The union said anyone who is aggrieved and wants to take their case to court should not be condemned, but Maroga’s action sends a terrible message to the public—that it is OK for the elite to get millions of rands in packages after resigning or being fired, regardless of how well they have performed.
Cosatu said that Eskom under Maroga’s leadership failed to resolve the deep problems it confronted after the then-government refused to give it the money it needed in the late 1990s for the construction of new power stations.
The union said that even if Maroga can prove that the Eskom board forced him to resign, how can he then believe that he is entitled to such a huge sum, which is reported to include R1-million for a “dedicated driver and protector for his family”, R500 000 for security at his home and R1-million for “personal assistance”.
According to Cosatu: “This is yet another example of the culture of self-entitlement and greed, which has plagued the business sector and has been invading the public service as well.”
“Eskom is still a public utility, with a mandate to provide power to all South Africans as efficiently and cheaply as possible. It is not, and must never become, a business to maximise profits and a way of enriching a small elite of executives.”
Meanwhile, United Democratic Movement (UDM) leader Bantu Holomisa has asked the National Assembly’s energy committee chair, Elizabeth Thabethe, to call the Eskom board to appear before the committee.
In a letter to Thabethe on Tuesday, Holomisa said Eskom’s board should be invited to appear before the committee “in the wake of the troubling issues” that were raised in the recent National Energy Regulator of South Africa hearings on Eskom’s proposed tariff increases.

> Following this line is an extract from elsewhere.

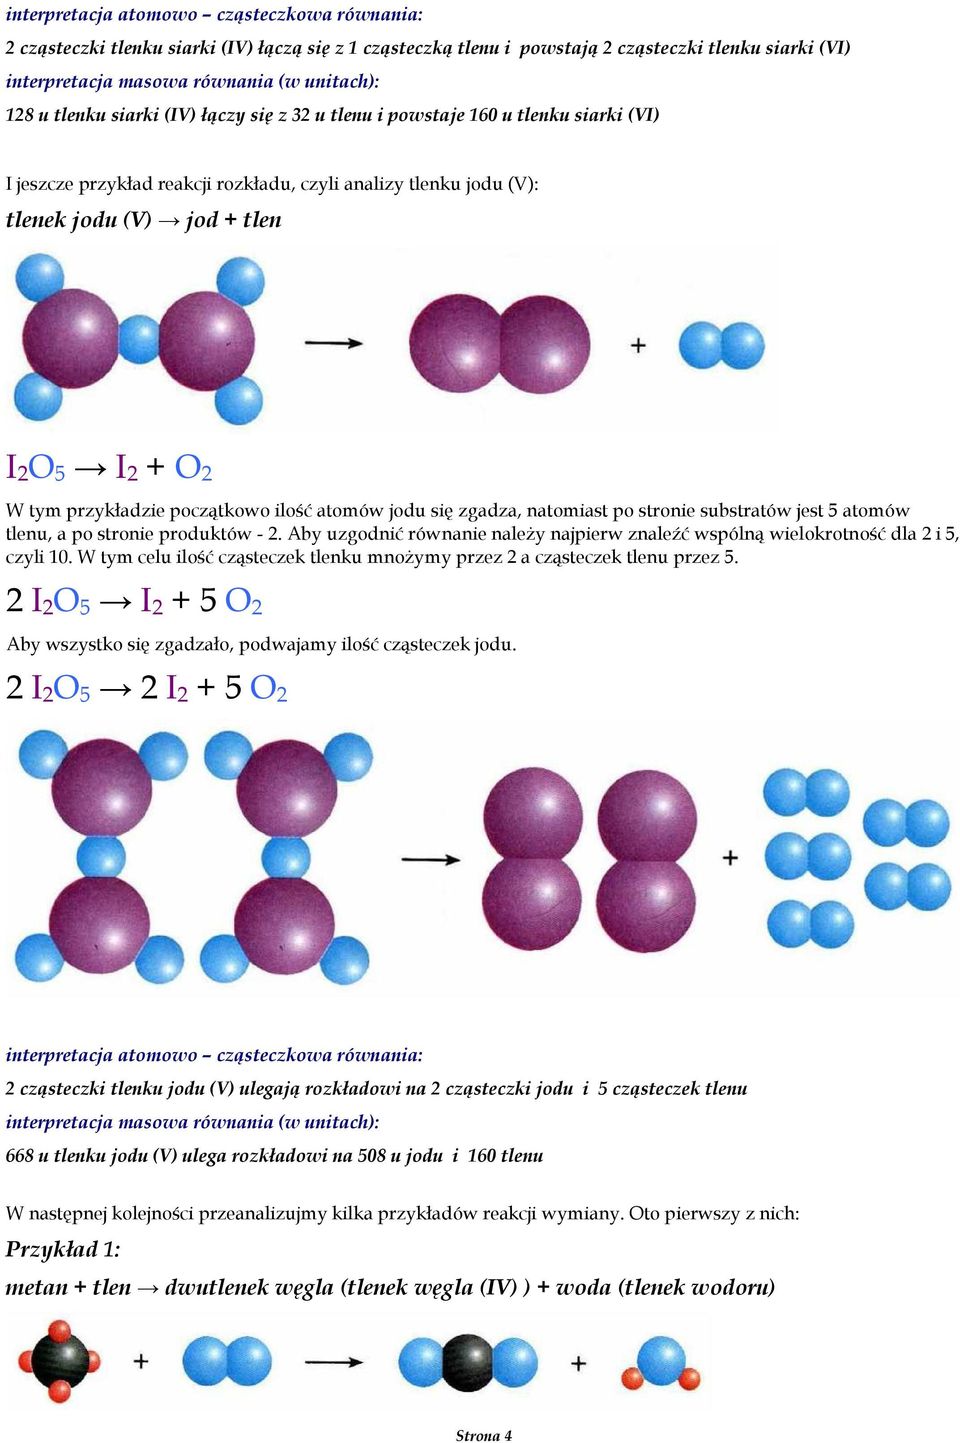 5 atomów tlenu, a po stronie produktów - 2. Aby uzgodnić równanie naleŝy najpierw znaleźć wspólną wielokrotność dla 2 i 5, czyli 10.

These included Eskom’s financial strategy and material conflicts of interest.
“High on the agenda for such a meeting should be whether the board was aware of the stake in the Hitachi deal of African National Congress investment company, Chancellor House,” he said.
The board should brief the committee on the history of the deal. In particular, why Hitachi got the deal, what the role of politicians was in the process, and whether Hitachi “essentially bribed their way into the winning position by partnering with Chancellor House”.
“We would also like to hear the board’s views on the untenable situation created where proposed massive tariff increases will directly benefit the ruling party to the tune of billions of rands, while having a major negative impact on the entire economy.
“It creates the impression that the public is being coerced into funding the ruling party by way of tariffs.
“Parliament needs to satisfy itself that this deal does not constitute a conflict of interest.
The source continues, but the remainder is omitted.